# single tube tires.



## rustyspoke66 (Apr 19, 2011)

Just left the tire shop where they had the latest copy of the Coker tire catalog. It list's single tube tires 28 X 1.5 but they are a bit spendy.
http://store.cokertire.com/tire-brands/motorcycle-bike/single-tube-tire.html?adjclear=true


----------



## lobsterboyx (Apr 19, 2011)

thats the one thing that drives me bonkers about coker - they never have great photographs on their site. 

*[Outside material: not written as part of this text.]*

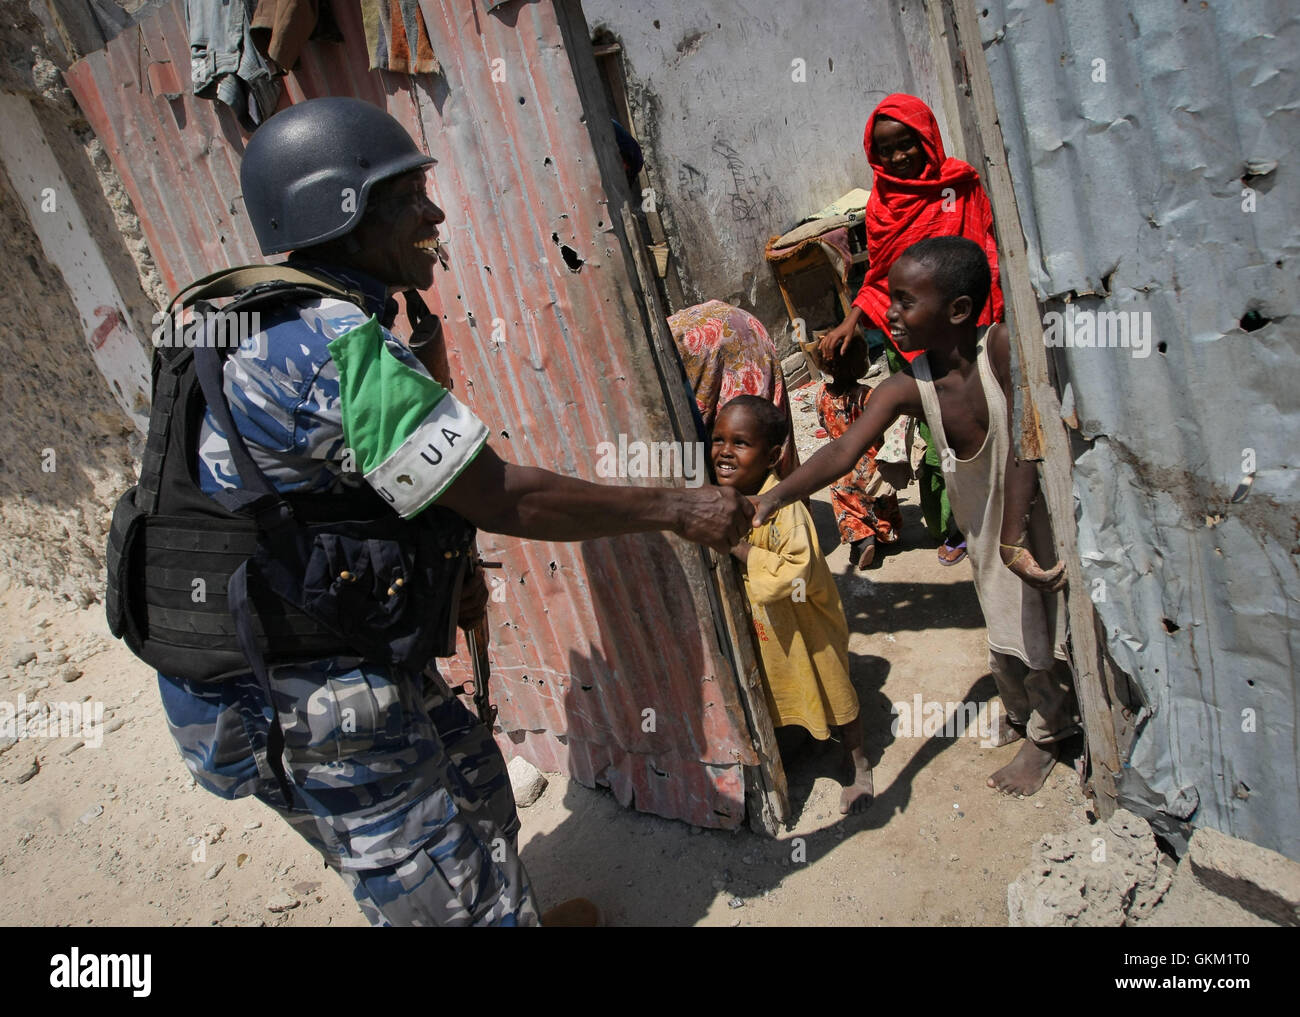 La Somalie, Mogadiscio : Dans un document de cours photos prises et publiées par l'Union africaine et l'équipe de support d'information des Nations Unies 09 novembre, un agent de la police ougandaise agissant comme partie d'une unité de police constituée (FPU) avec la Mission de l'Union de l'Union africaine en Somalie (AMISOM), serre la main avec un jeune garçon somalien pendant une patrouille à pied dans le district de Kaa'ran de la capitale Mogadishu. L'AMISOM FPUs travaillent avec leurs homologues de la Force de police somalienne (SPF) en contribuant à assurer la sécurité à Mogadiscio, en plus d'une formation et d'encadrement du SPF sur le maintien de l'ordre techniques et pratiques. IST UA-ONU PHOT Banque D'Images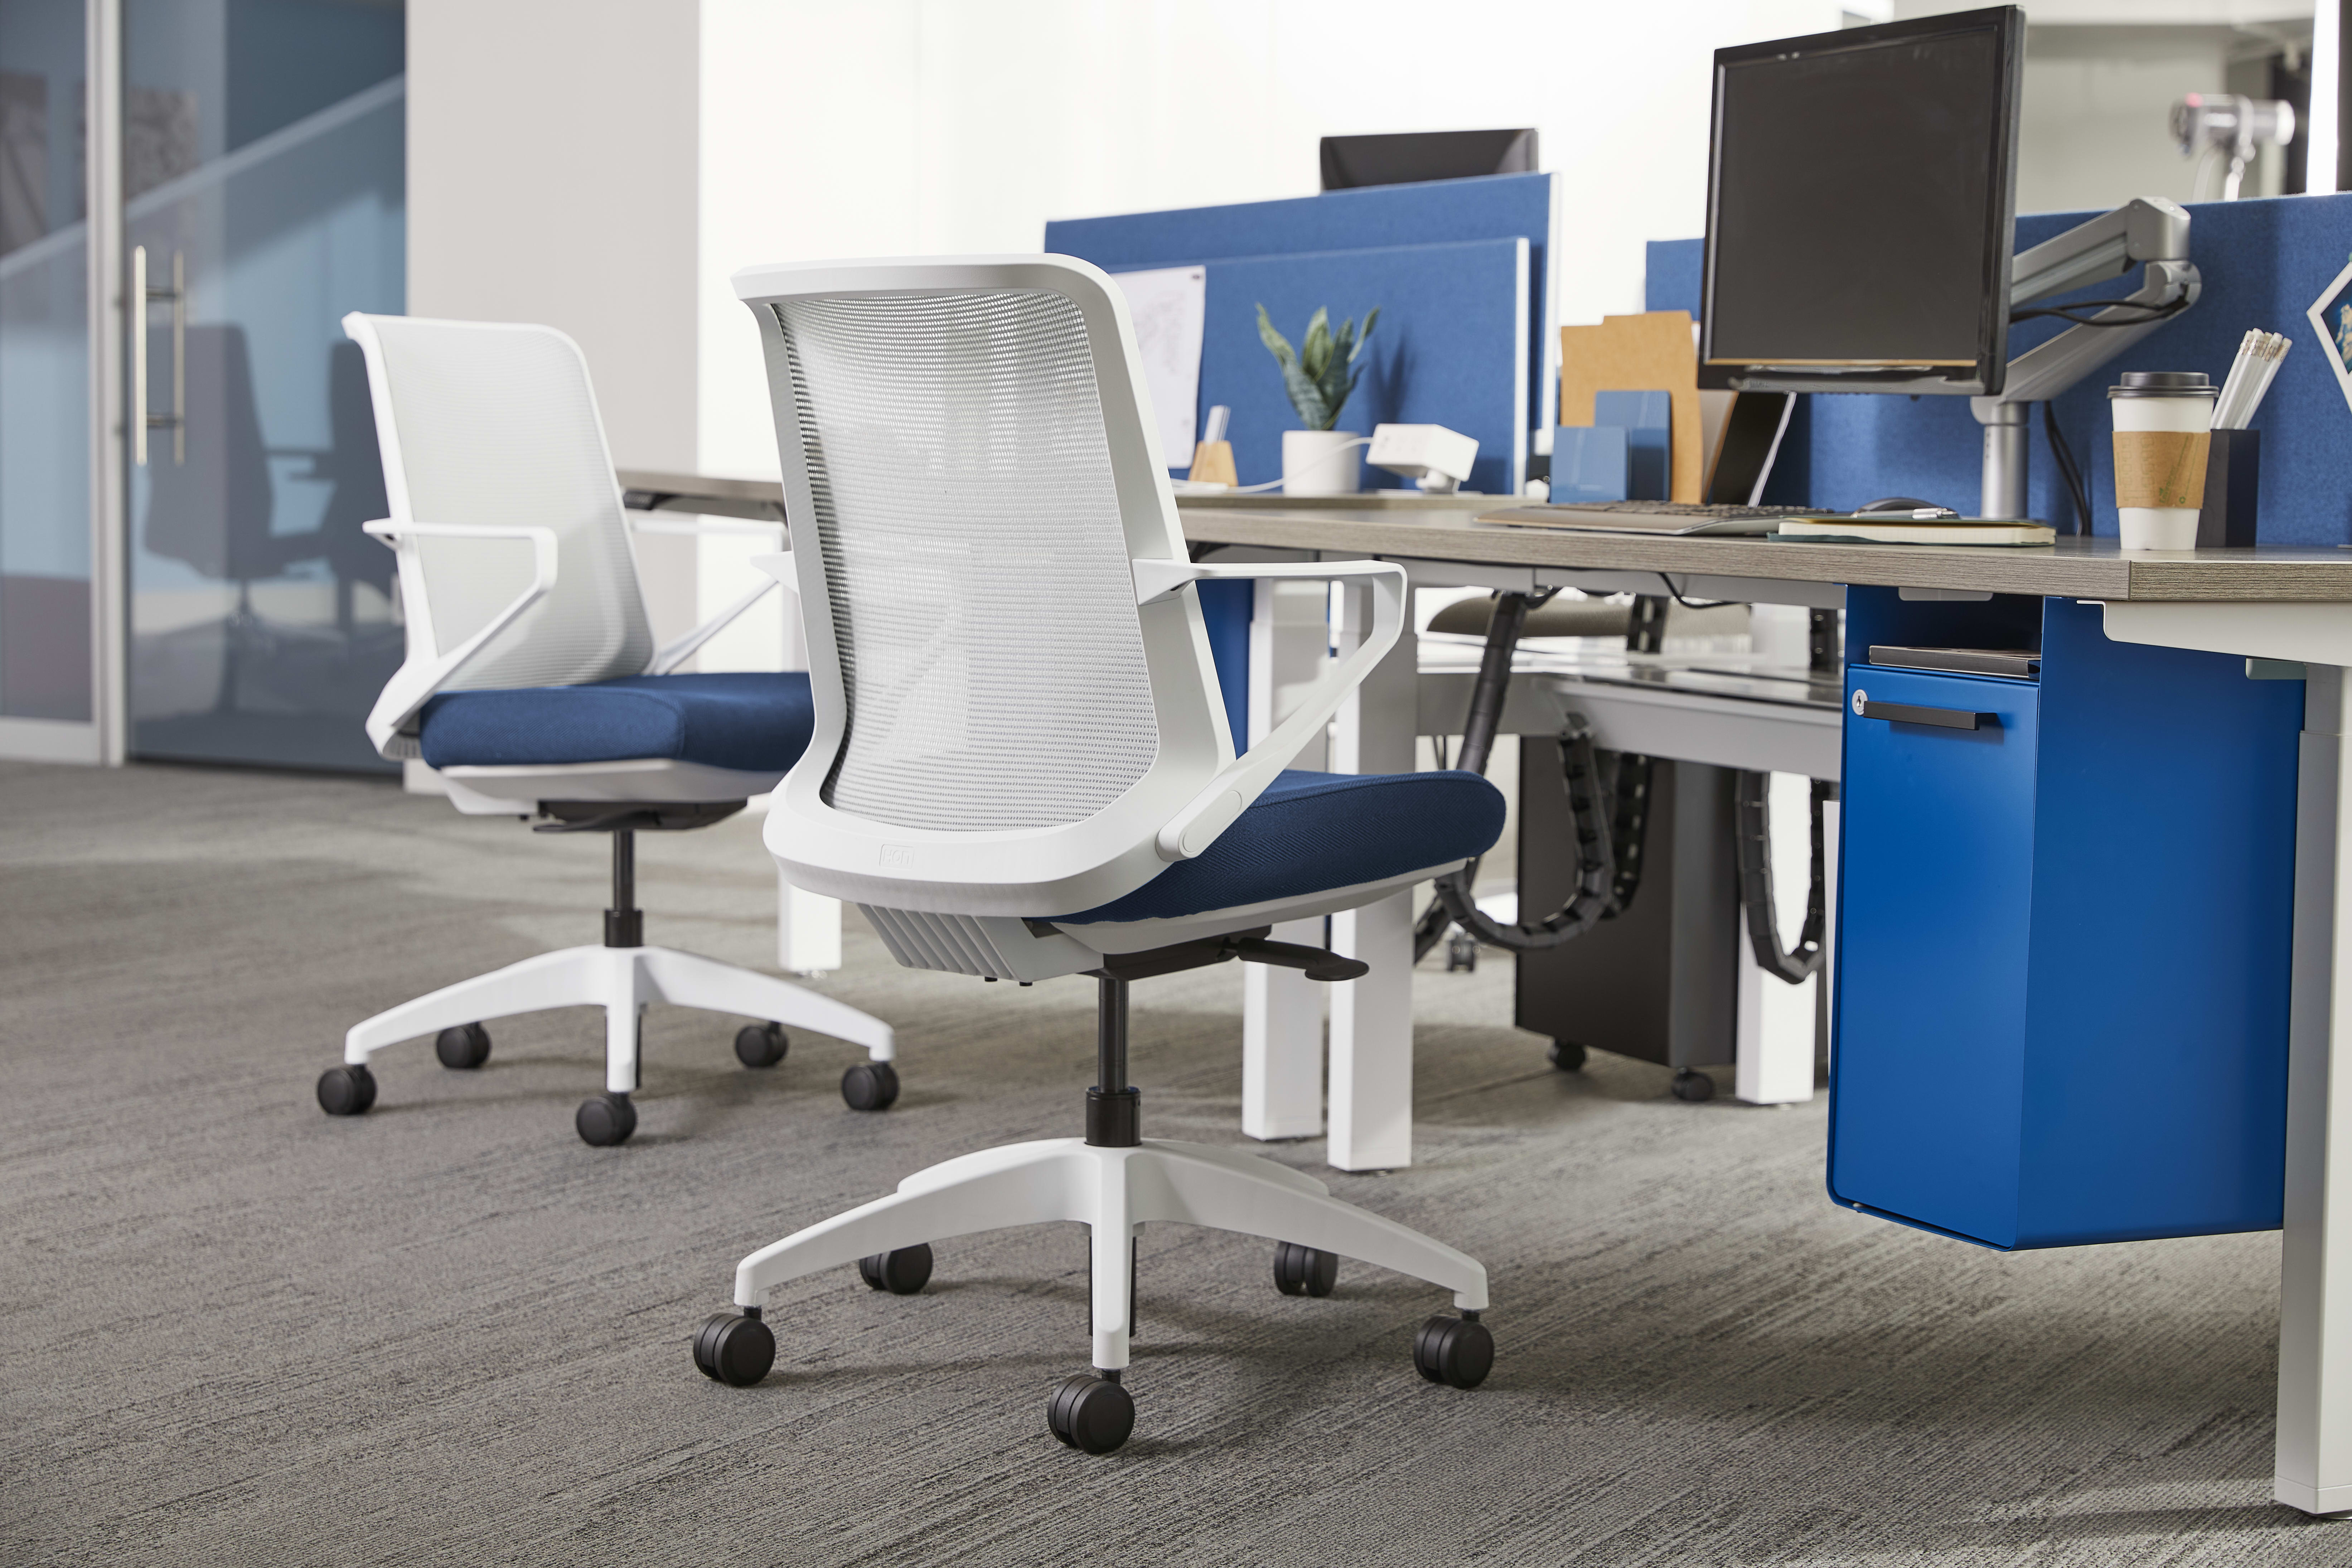 HON Cliq - Office Furniture & Interior Solutions in Grand Rapids

now if they would just make copies of the non-sew-up button tread for "normal" 700 rims


----------



## Luckykat32 (Apr 20, 2011)

Have you guys tried the Universal Tires?  I'm looking for a good single tube 28 that I can ride.


----------



## bud poe (Apr 20, 2011)

Universals are solid, they look cool but probably not so nice to ride...Check the recent thread on Harper Machine tires on this forum, sounds like it might be a good option if he gets production going again...As for Coker, I wouldn't drop that kind of $$$ without a pic of the tread at least!


----------



## rustyspoke66 (Apr 20, 2011)

I know a dealer that has the catalog with a picture of the tires. I'll see what I can do to get a copy. Another thing that is not to cool about these tires is that Coker has a disclaimer that says "these are for show only". For that kind of money I would like something I could ride on.


----------



## scrubbinrims (Apr 20, 2011)

Harper also had the "show only" or "display only" disclaimer, probably a liability issue.
I had asked if it was optional, but I think it was in the mold.


----------



## Andrew Gorman (Apr 20, 2011)

I tried a Bell No-Mor flats inner tube on for size on an armored rim, and it fit pretty well, if a little loose.  With a lot of persuading, a 24" No-Mor Flats will fit a little better.  I haven't ridden on them, but I've heard of others using them as tires on cushion tire safeties.  And at 20.00 or so each they sure are cheaper than the Cokers or currently out of production Harper tires. At the least it's an OK roll around the shop tire.   Some pictures are at:
http://s53.photobucket.com/albums/g72/gormanao/Polyurethane/
Another option is 700c cyclocross sew ups like this :
http://www.cyclesuperstore.ie/shop/pc/viewPrd.asp?idcategory=169&idproduct=28455
I have heard from others that the 28" rims can cut the sidewalls, and that regular skinny sew-ups work just fine but are funny looking.


----------



## Luckykat32 (Apr 20, 2011)

Is there any white or prewar red 700c tires out there?  Black is boring.  And, they usually have some stupid graphic/logo on the sidewall.  What else are people using out there?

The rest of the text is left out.